Task directions ::
From the material below, please set down exactly the lines starting with the one with "Post Mount Squirrel Baffle at" and going on through the one with "Bracelet with coral and beads photo 4", without a single picture.

Materials provided ::
====
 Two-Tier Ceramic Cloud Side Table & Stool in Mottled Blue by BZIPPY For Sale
====
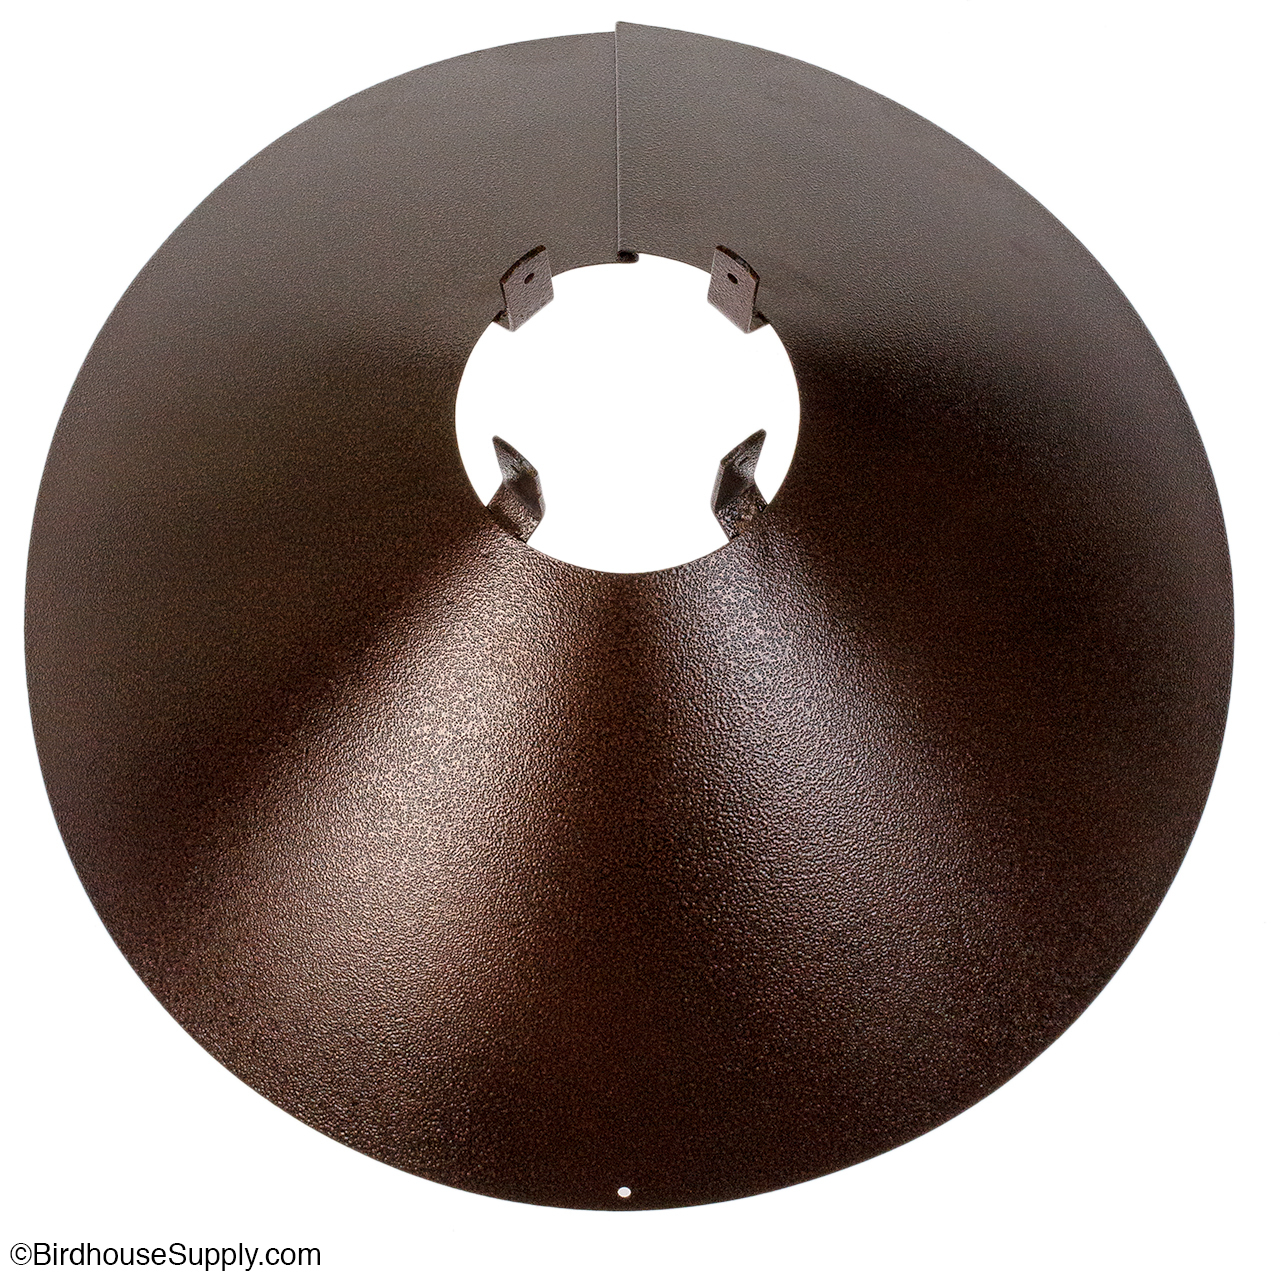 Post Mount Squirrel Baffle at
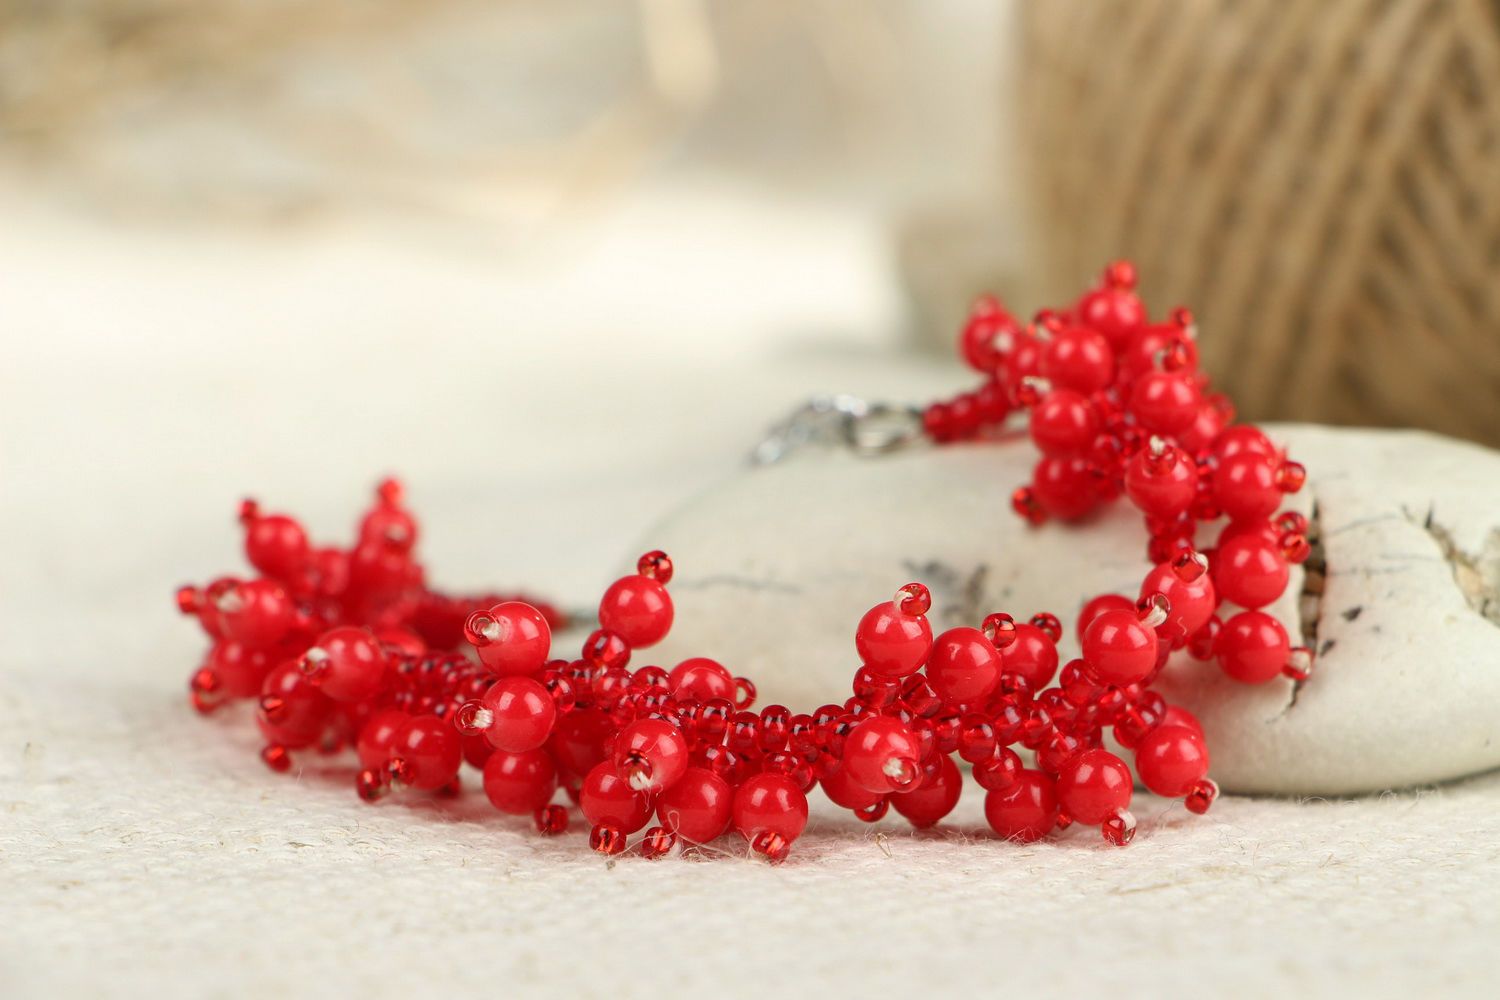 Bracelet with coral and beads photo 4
====
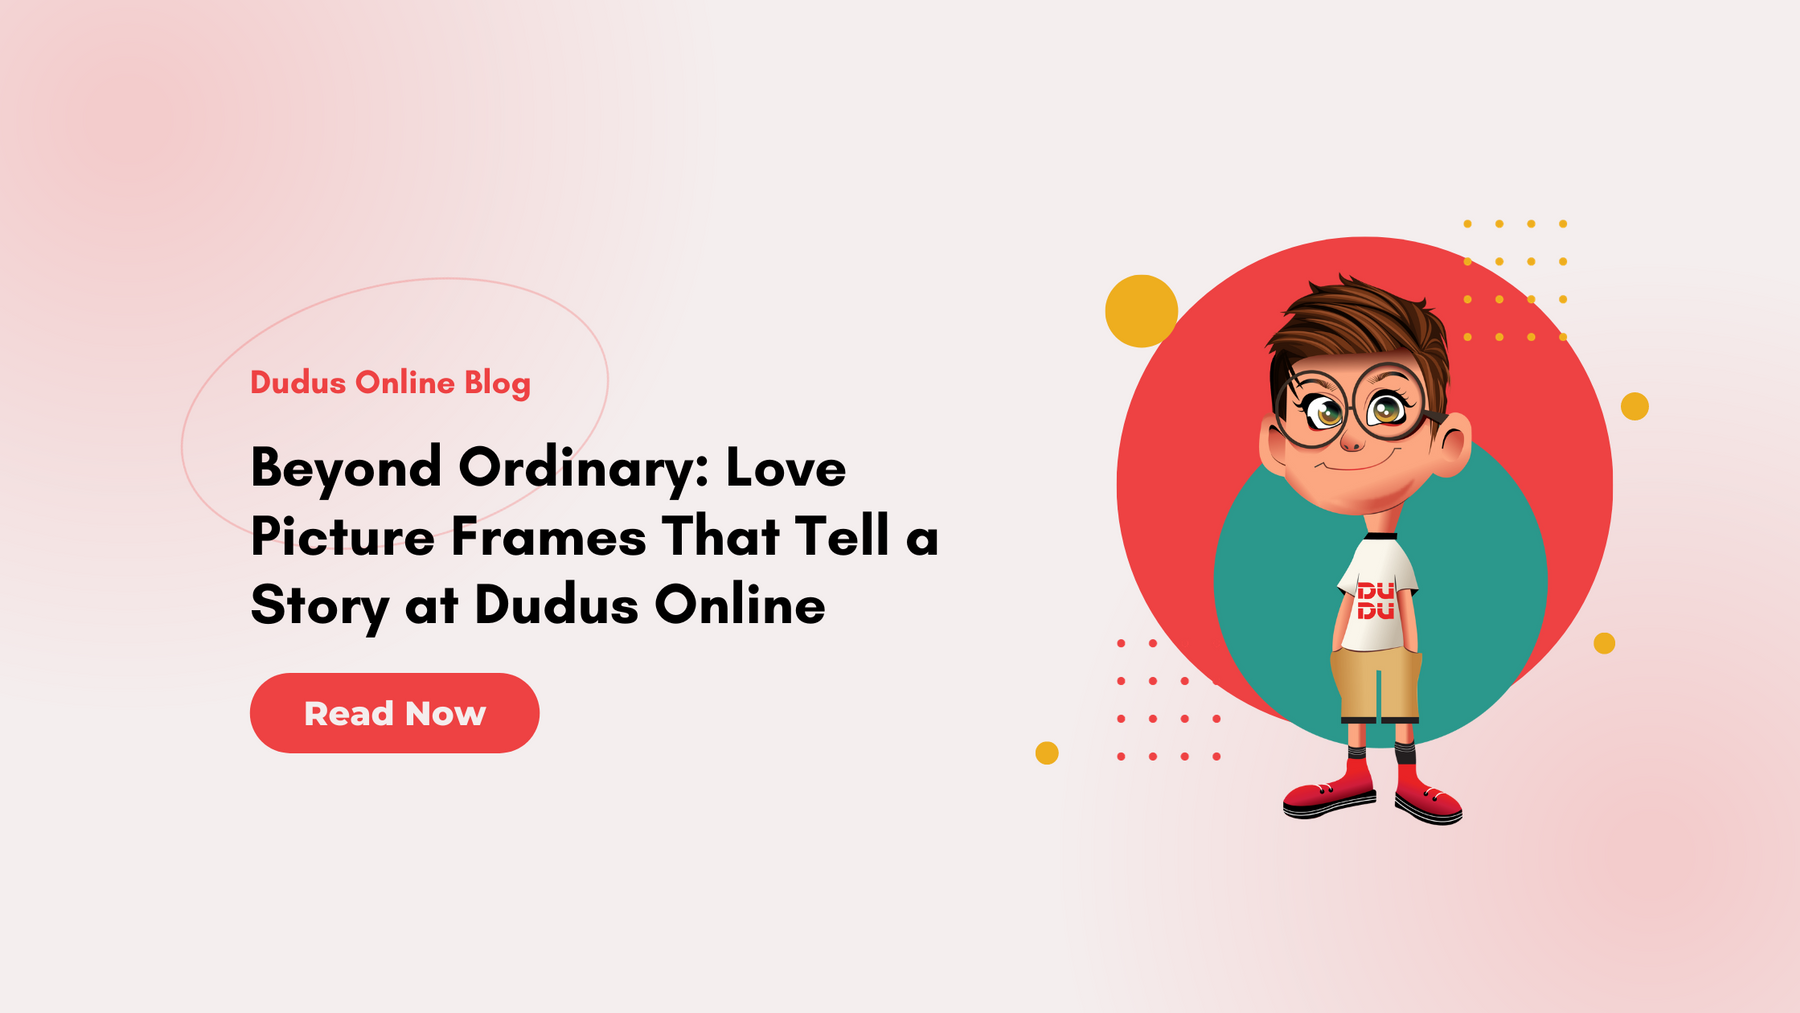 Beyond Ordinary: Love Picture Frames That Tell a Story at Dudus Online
====
Solution to this exercise ::
 Post Mount Squirrel Baffle at
 Bracelet with coral and beads photo 4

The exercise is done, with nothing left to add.